Show HN: Privacy Focused, Secure Chat Rooms for Secure Chatting - misir
https://chot.xyz
======
Amir6
"Your chats were securely encrypted using SSL, messages will not be not stored
on our servers, will not backed up. "

Is this an intentional double negative?

A bit more technical info on how keys are generated and stored would be a good
start to get people to trust the platform

------
dougk16
Nice little idea and implementation. Since privacy/security is a goal, it
might make sense to dive into one or more of the following, even if they're
not on the main page:

\- The tech behind the encryption/privacy. One thing in particular is how is
the "my room" feature being saved. I'm sure I could dig in myself but the
average visitor may want to be assured that it's saved locally only.

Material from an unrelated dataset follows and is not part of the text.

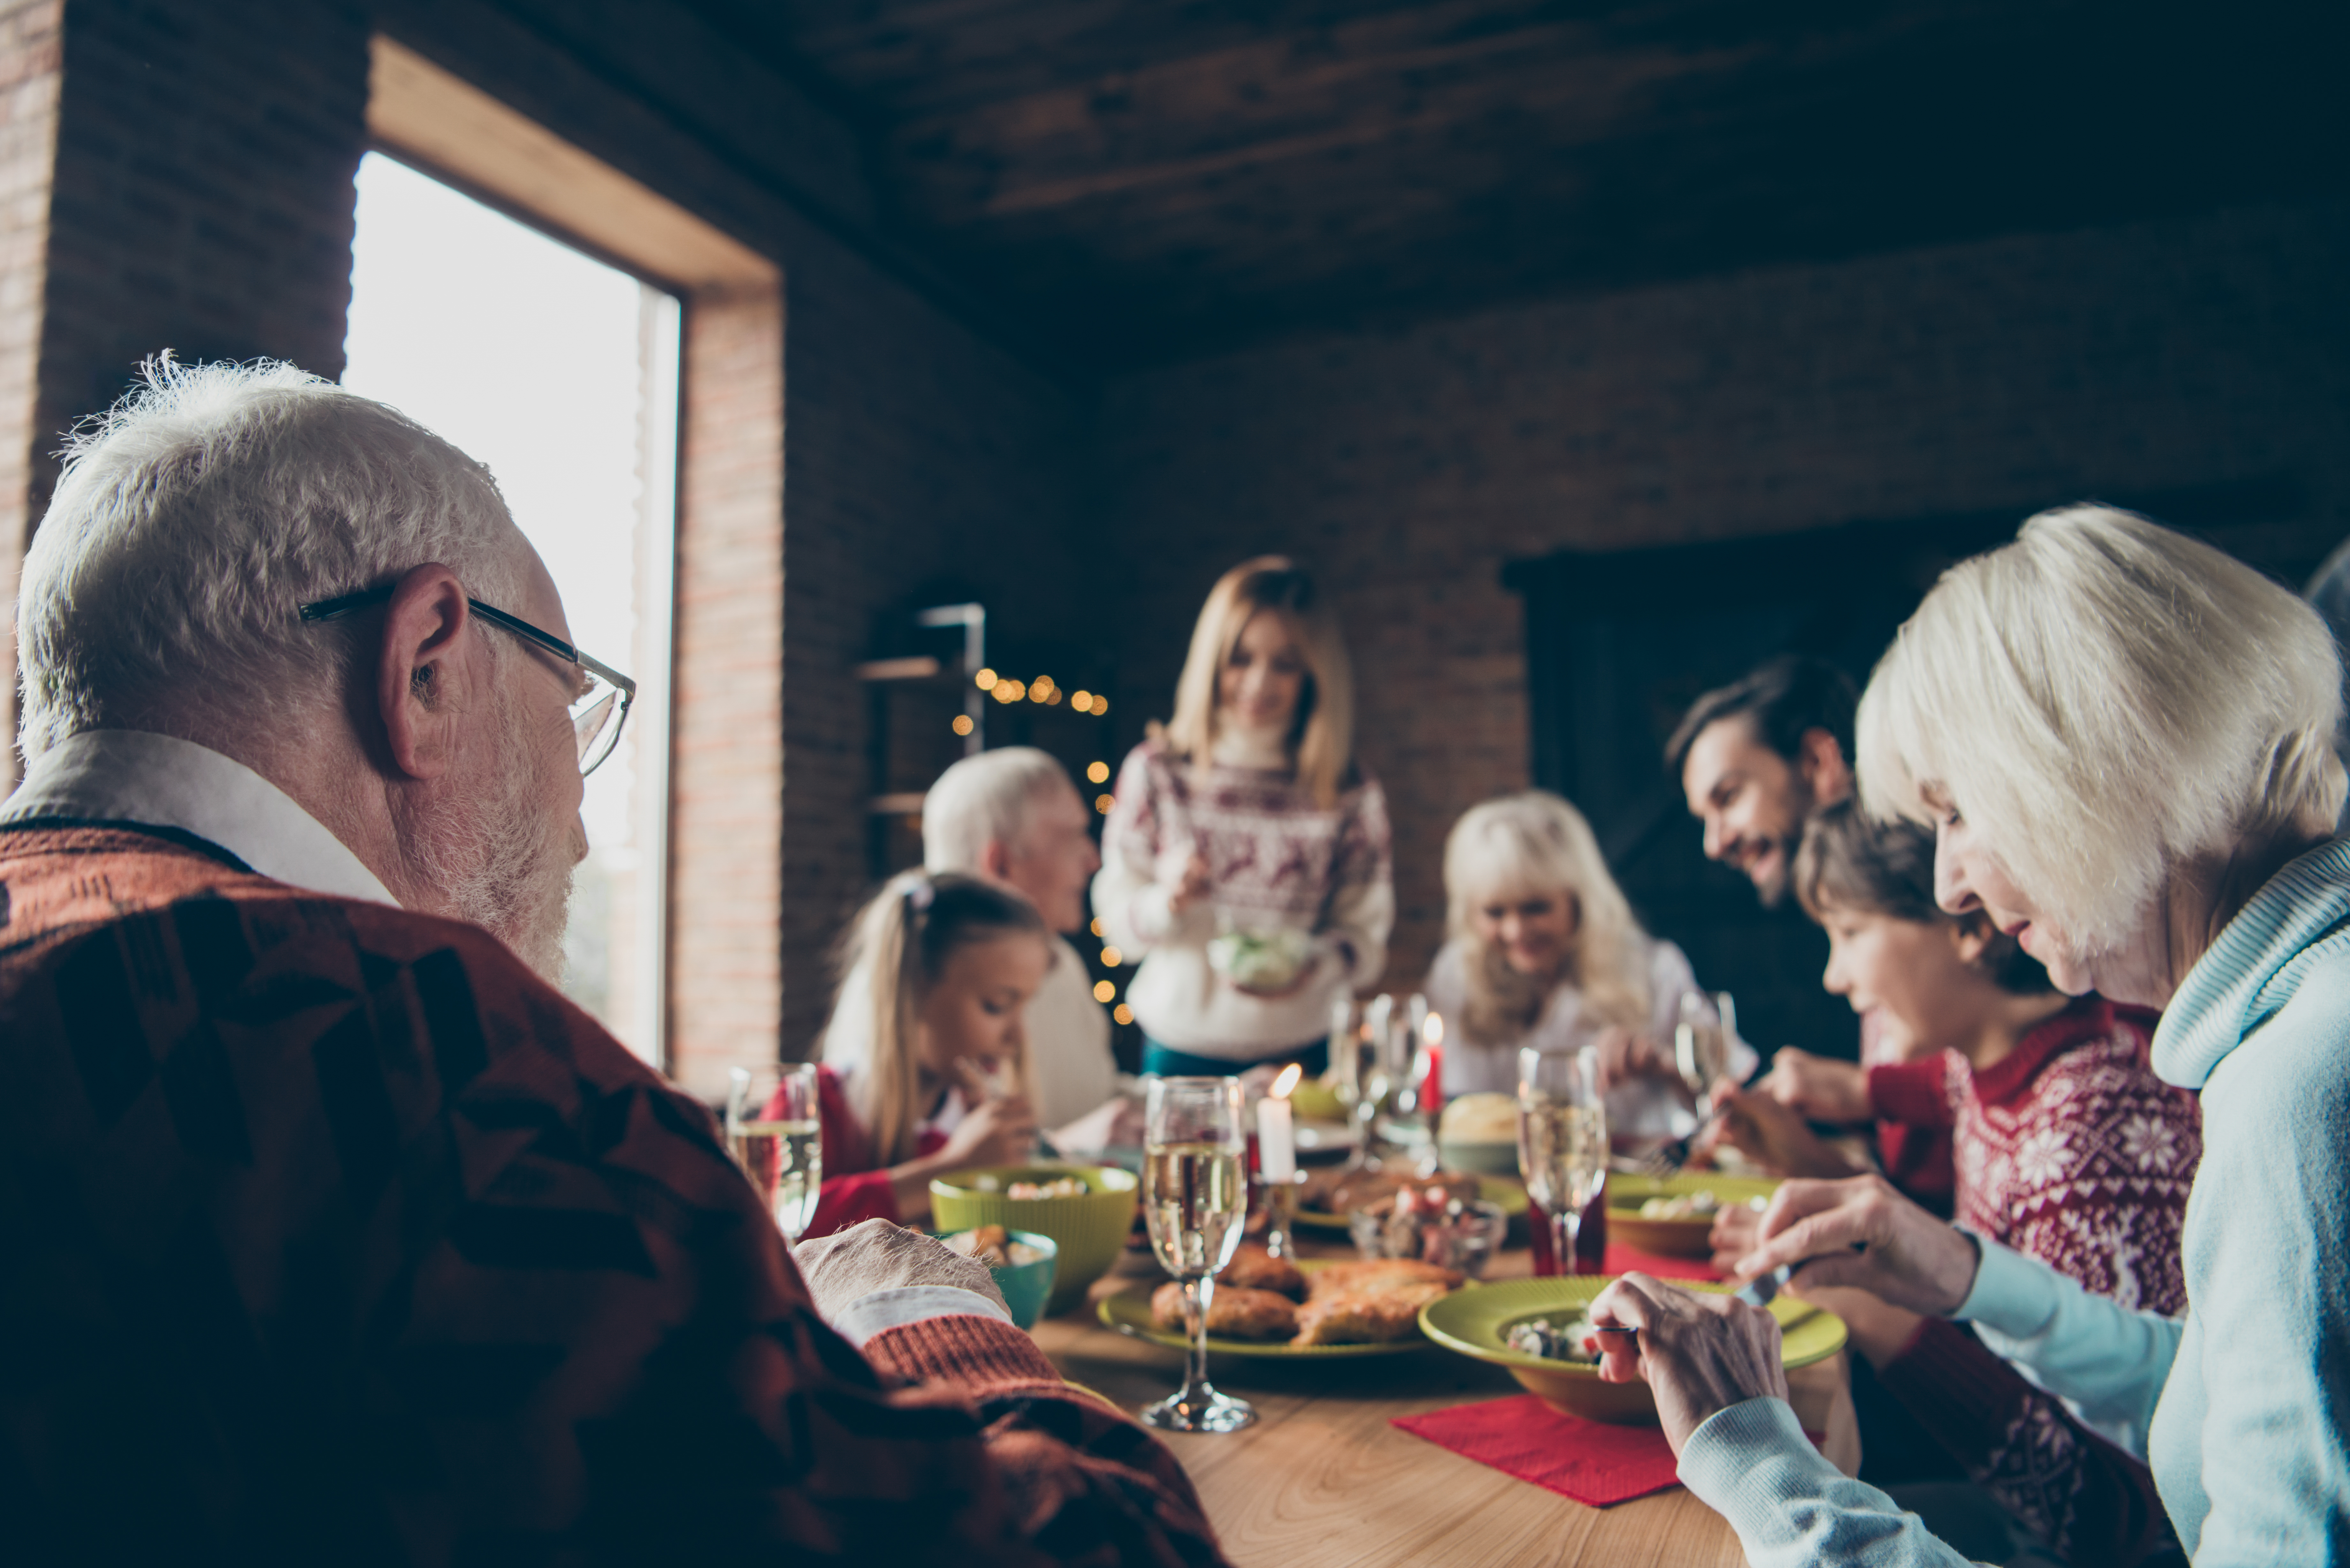 Eine Familie, die gemeinsam eine Mahlzeit genießt | Quelle: Shutterstock

EDIT: Hmm
nevermind it seems the chatroom name isn't being persisted. Could have sworn I
left the main page and came back to the same chatroom but probably imagining
things.

\- How you intend to keep the site running over the long term, funding, etc.
Assure visitors that your incentives align with visitors' over the long term
as much as possible.

\- Open sourcing would be another good trust signal.

I do like the XKCD-style chat room names. I don't think I've seen that before.
It's usually random alpha-numeric. Also love the minimalism, single-use aspect
of it.

Keep it up!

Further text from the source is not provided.